*** DATA FOR THE TASK Section Begins ***

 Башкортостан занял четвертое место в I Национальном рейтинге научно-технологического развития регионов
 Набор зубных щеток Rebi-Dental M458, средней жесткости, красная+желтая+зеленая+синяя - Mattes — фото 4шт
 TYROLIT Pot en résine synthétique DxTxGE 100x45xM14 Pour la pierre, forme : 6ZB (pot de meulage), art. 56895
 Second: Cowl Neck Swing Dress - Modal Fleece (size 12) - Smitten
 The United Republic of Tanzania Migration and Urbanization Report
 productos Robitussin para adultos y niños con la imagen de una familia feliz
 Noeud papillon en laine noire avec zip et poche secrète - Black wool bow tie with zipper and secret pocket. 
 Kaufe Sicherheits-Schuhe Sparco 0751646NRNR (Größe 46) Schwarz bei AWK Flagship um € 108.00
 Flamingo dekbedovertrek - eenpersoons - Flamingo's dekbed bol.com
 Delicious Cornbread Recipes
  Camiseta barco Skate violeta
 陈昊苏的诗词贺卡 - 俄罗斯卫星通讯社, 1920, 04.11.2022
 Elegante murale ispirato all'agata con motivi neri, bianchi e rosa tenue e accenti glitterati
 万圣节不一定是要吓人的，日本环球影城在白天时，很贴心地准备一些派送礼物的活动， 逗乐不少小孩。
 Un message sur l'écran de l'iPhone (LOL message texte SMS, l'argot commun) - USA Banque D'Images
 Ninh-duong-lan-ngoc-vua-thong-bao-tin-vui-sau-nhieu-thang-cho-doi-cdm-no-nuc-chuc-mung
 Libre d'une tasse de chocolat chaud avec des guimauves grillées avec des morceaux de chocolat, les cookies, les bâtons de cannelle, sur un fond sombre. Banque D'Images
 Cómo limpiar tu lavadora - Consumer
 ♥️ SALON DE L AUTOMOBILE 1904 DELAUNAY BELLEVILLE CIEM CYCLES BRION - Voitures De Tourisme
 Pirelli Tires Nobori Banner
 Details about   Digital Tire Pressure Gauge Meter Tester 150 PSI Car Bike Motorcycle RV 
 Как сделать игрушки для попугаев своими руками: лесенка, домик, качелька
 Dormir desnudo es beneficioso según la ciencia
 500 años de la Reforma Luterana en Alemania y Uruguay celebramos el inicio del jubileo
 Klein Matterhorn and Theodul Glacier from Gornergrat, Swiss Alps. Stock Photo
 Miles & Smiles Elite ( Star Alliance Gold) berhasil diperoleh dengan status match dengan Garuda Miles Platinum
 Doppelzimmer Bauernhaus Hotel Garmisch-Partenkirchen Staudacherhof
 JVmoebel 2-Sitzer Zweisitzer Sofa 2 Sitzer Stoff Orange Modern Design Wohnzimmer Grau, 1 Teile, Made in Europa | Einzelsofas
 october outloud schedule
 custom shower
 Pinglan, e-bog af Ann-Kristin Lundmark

*** DATA FOR THE TASK Section Ends ***

• [WHAT IS NEEDED]: Starting at the line that has "Flamingo dekbedovertrek - eenpersoons" in the records above, restate word for word every line until the one that has "Doppelzimmer Bauernhaus Hotel", and include that one as well.

• [RESULT]:
 Flamingo dekbedovertrek - eenpersoons - Flamingo's dekbed bol.com
 Delicious Cornbread Recipes
  Camiseta barco Skate violeta
 陈昊苏的诗词贺卡 - 俄罗斯卫星通讯社, 1920, 04.11.2022
 Elegante murale ispirato all'agata con motivi neri, bianchi e rosa tenue e accenti glitterati
 万圣节不一定是要吓人的，日本环球影城在白天时，很贴心地准备一些派送礼物的活动， 逗乐不少小孩。
 Un message sur l'écran de l'iPhone (LOL message texte SMS, l'argot commun) - USA Banque D'Images
 Ninh-duong-lan-ngoc-vua-thong-bao-tin-vui-sau-nhieu-thang-cho-doi-cdm-no-nuc-chuc-mung
 Libre d'une tasse de chocolat chaud avec des guimauves grillées avec des morceaux de chocolat, les cookies, les bâtons de cannelle, sur un fond sombre. Banque D'Images
 Cómo limpiar tu lavadora - Consumer
 ♥️ SALON DE L AUTOMOBILE 1904 DELAUNAY BELLEVILLE CIEM CYCLES BRION - Voitures De Tourisme
 Pirelli Tires Nobori Banner
 Details about   Digital Tire Pressure Gauge Meter Tester 150 PSI Car Bike Motorcycle RV 
 Как сделать игрушки для попугаев своими руками: лесенка, домик, качелька
 Dormir desnudo es beneficioso según la ciencia
 500 años de la Reforma Luterana en Alemania y Uruguay celebramos el inicio del jubileo
 Klein Matterhorn and Theodul Glacier from Gornergrat, Swiss Alps. Stock Photo
 Miles & Smiles Elite ( Star Alliance Gold) berhasil diperoleh dengan status match dengan Garuda Miles Platinum
 Doppelzimmer Bauernhaus Hotel Garmisch-Partenkirchen Staudacherhof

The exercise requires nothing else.